#### What the exercise asks:
Find all lines with the word "America" in the material, then copy them.

#### Records provided:
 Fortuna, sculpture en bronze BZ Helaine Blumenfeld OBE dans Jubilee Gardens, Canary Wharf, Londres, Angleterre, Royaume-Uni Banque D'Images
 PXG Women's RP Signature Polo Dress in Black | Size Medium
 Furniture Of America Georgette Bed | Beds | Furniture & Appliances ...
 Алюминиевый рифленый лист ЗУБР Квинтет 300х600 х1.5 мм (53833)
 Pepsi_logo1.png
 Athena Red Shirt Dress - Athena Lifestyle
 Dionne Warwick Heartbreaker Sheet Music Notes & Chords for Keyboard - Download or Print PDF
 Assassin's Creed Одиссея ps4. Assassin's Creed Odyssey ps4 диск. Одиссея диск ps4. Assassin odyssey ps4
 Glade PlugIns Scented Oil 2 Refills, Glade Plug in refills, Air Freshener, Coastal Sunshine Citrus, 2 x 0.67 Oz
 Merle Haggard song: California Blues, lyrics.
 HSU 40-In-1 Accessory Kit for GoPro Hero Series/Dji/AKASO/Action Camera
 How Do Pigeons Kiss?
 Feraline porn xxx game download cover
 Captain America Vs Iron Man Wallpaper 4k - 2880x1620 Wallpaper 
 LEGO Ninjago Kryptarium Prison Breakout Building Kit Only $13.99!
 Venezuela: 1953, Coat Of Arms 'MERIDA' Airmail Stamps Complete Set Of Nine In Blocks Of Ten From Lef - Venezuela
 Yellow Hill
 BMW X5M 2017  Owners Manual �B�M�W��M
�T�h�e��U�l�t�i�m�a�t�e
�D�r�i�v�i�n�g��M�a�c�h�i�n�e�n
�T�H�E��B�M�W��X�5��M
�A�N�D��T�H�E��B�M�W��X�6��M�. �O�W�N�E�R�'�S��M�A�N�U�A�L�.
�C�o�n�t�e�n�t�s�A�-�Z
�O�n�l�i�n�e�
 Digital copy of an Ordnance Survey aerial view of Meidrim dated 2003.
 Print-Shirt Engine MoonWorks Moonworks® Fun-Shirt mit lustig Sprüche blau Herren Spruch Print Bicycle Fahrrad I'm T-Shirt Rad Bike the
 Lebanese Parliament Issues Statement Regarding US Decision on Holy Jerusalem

#### Final answer:
 Furniture Of America Georgette Bed | Beds | Furniture & Appliances ...
 Captain America Vs Iron Man Wallpaper 4k - 2880x1620 Wallpaper 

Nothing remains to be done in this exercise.